- [Exercise description]: Set down, exactly as written, the lines from the line holding "Coachee mit Hund" to the end of the data, inclusive, skipping any pictures.

- [Dataset extract]:
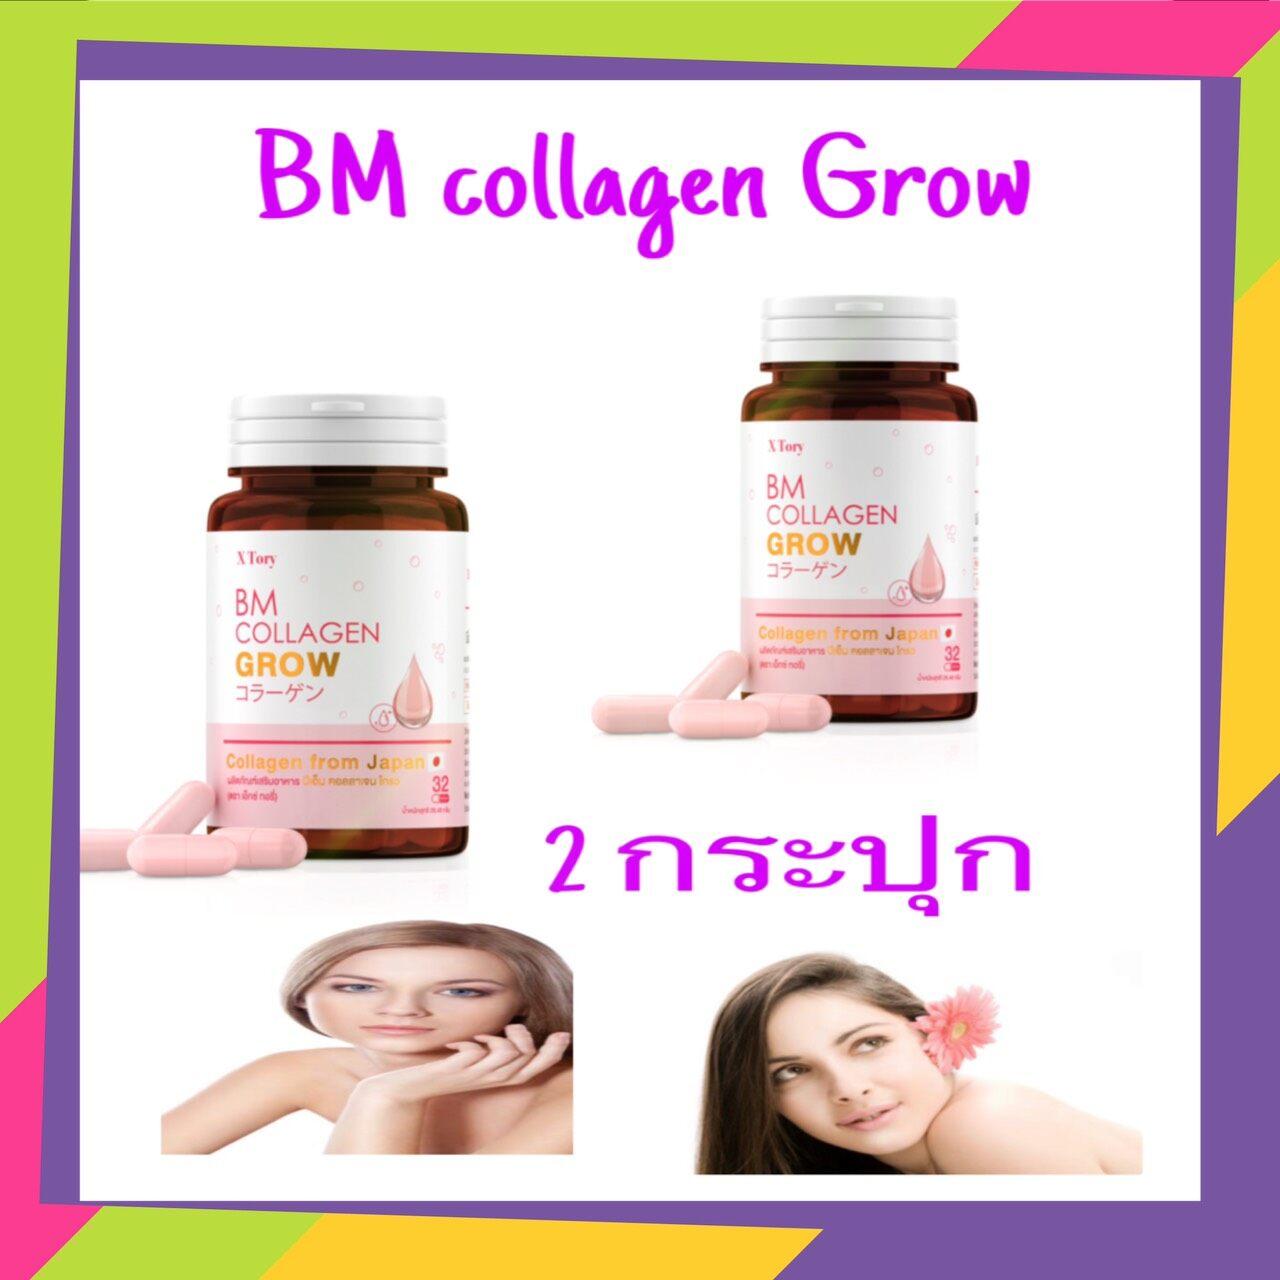 Bm Collagen Grow บีเอ็ม คอลลาเจน โกรว 2 กระปุก เป็นแหล่งรวมวิตามิน C ที่อุดมสมบูรณ์ที่สุดมากกว่าส้ม 45-80 เท่า ช่วยต่อต้านอนุมูลอิสระ ผิวสว่างสดใส ลดรอยหมองคล้ำ รอยดำ ช่วยให้แผล สิว ฝ้า กระ หายเร็วขึ้น ของแท้จากบริษัท.
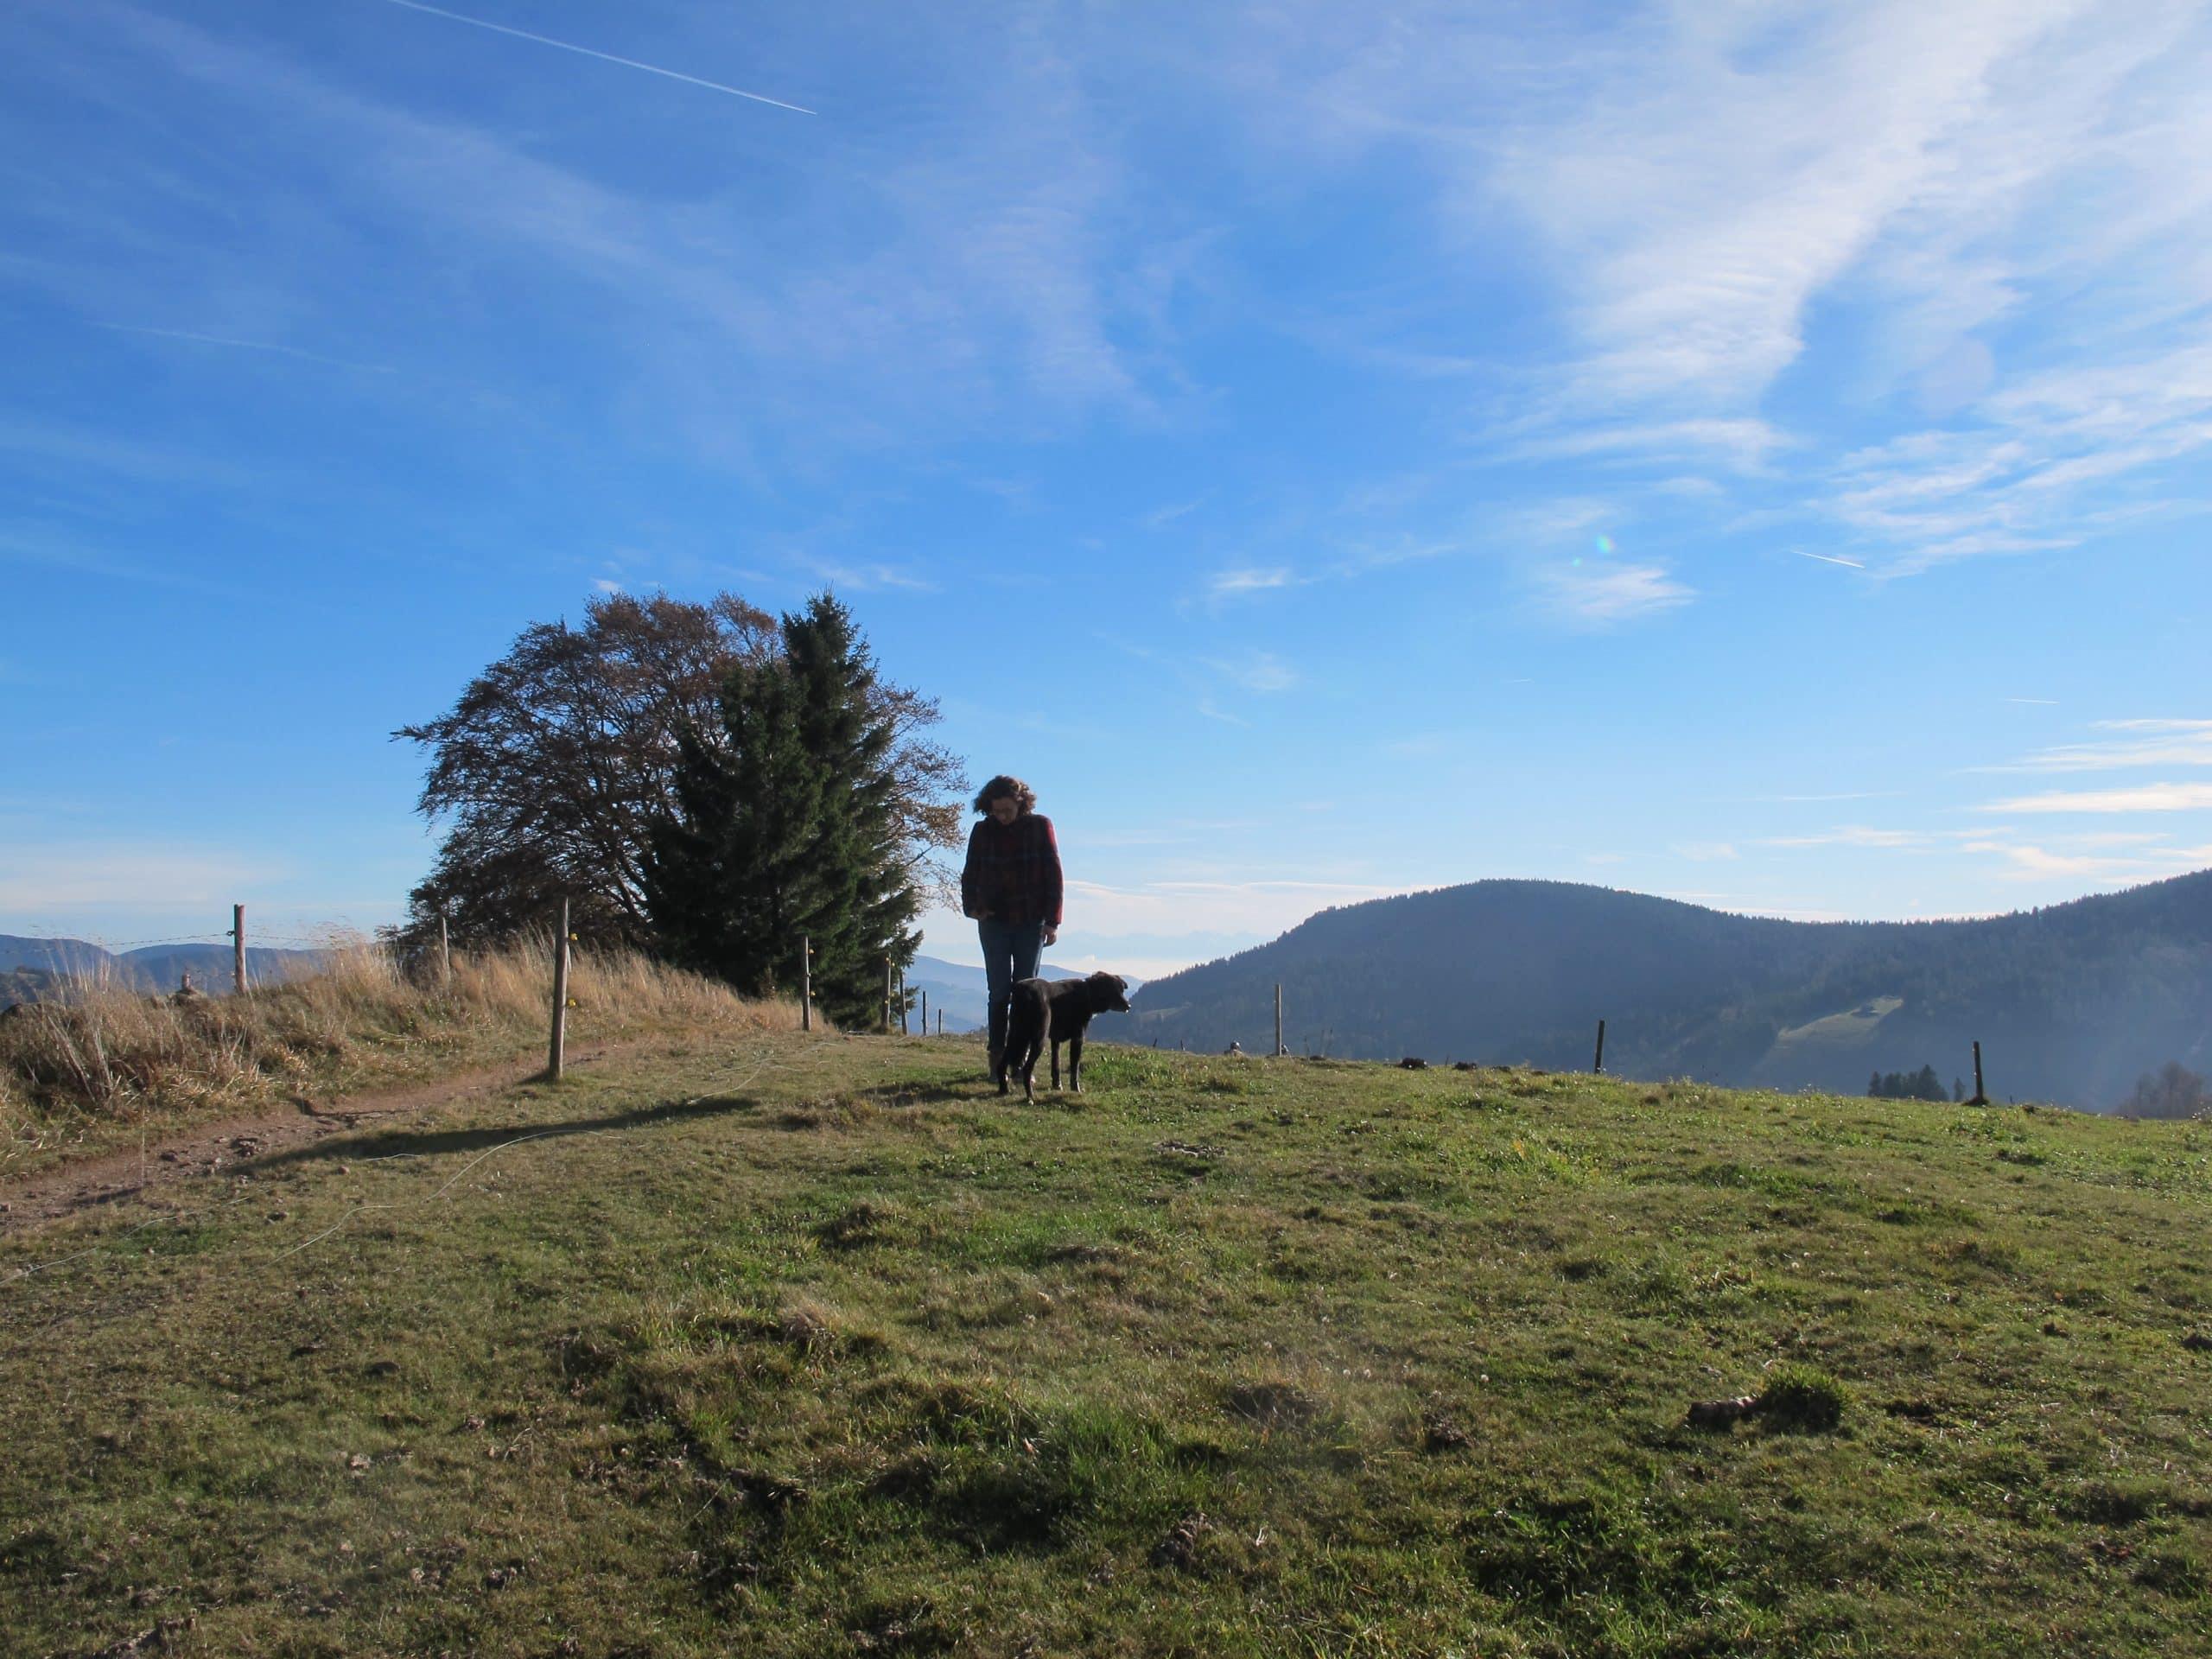 Coachee mit Hund während eines Wandercoachings
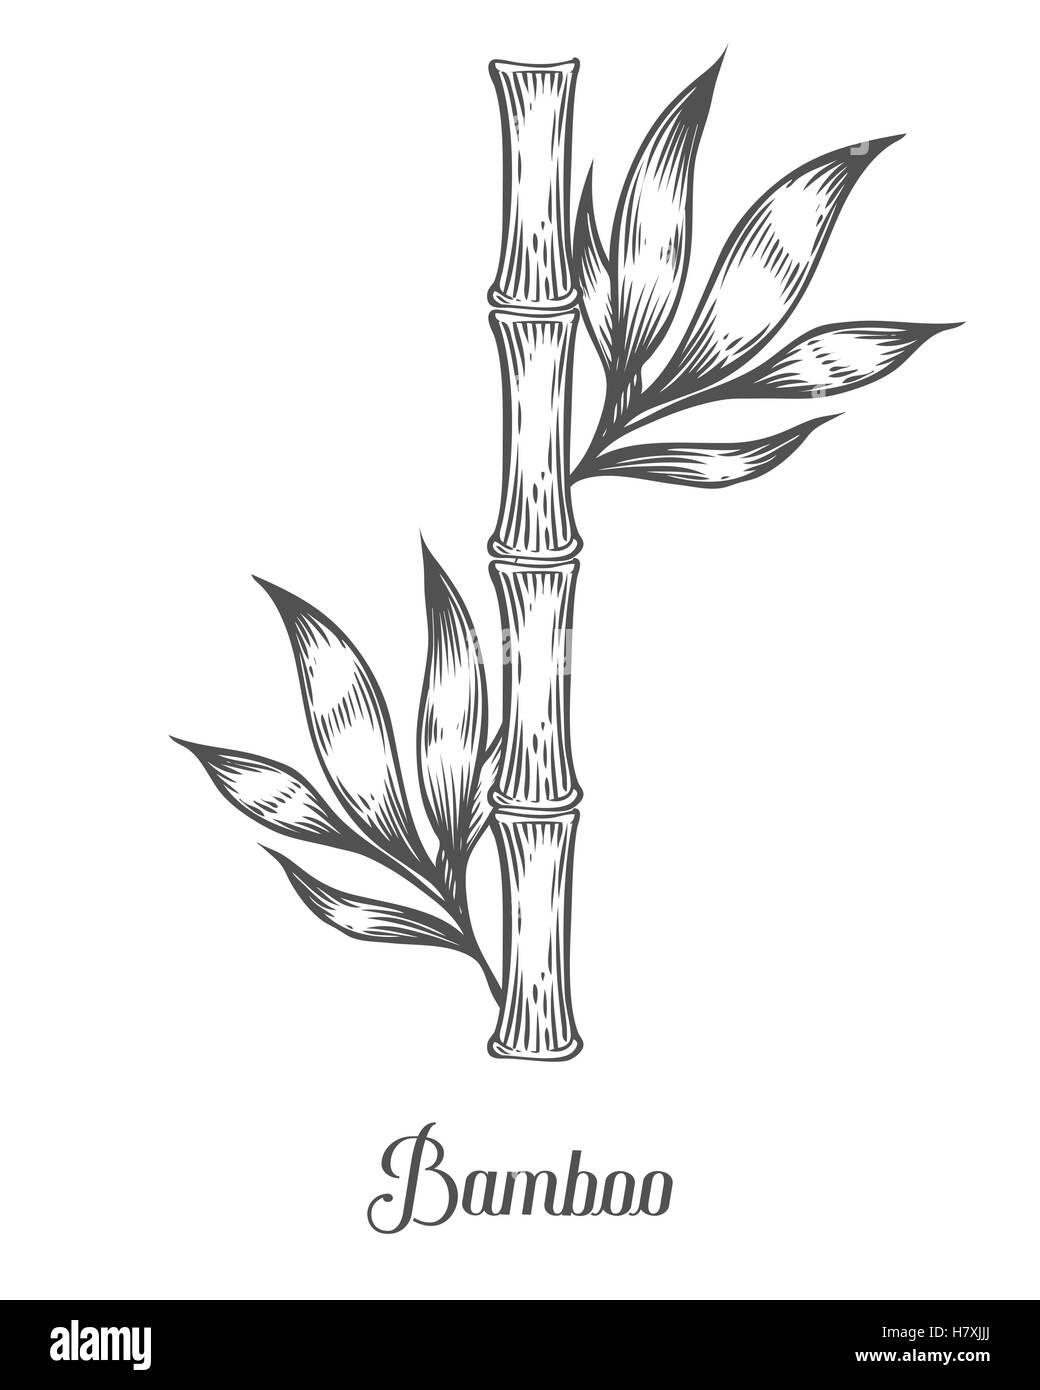 Bambuszweigen Stiel Und Blatt Vektorgrafik Hand Gezeichnet
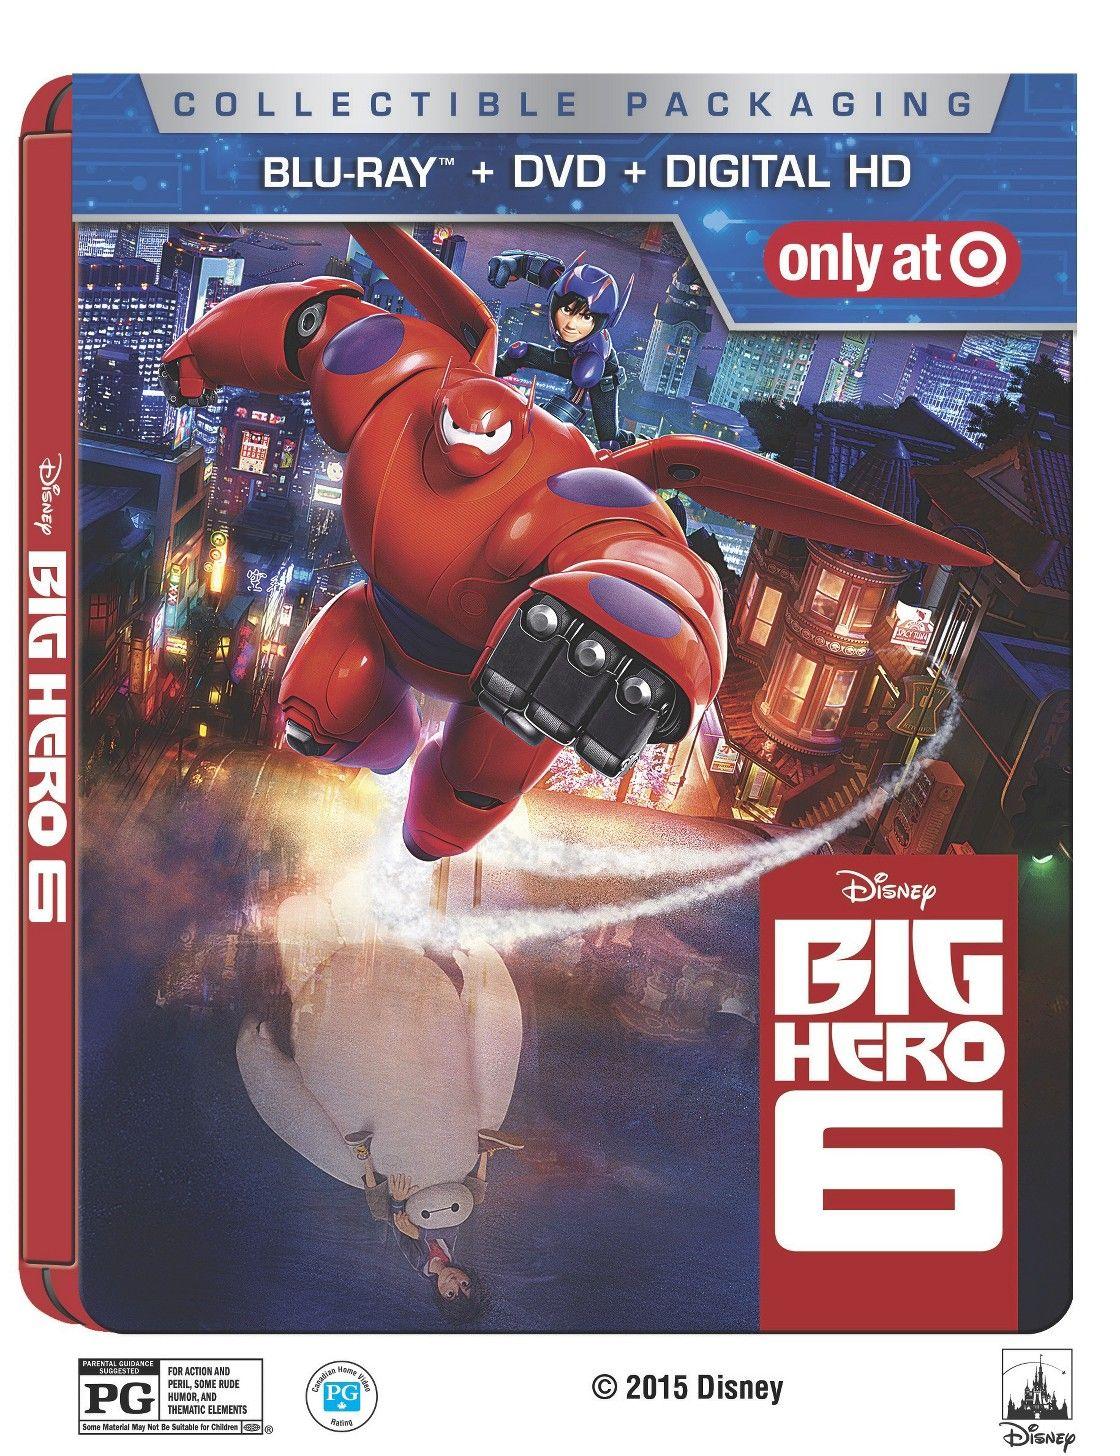 Target Monthly Box: Big Hero 6 (SteelBook) (Blu-ray DVD Digital)

- [Output]:
 Coachee mit Hund während eines Wandercoachings
 Bambuszweigen Stiel Und Blatt Vektorgrafik Hand Gezeichnet
 Target Monthly Box: Big Hero 6 (SteelBook) (Blu-ray DVD Digital)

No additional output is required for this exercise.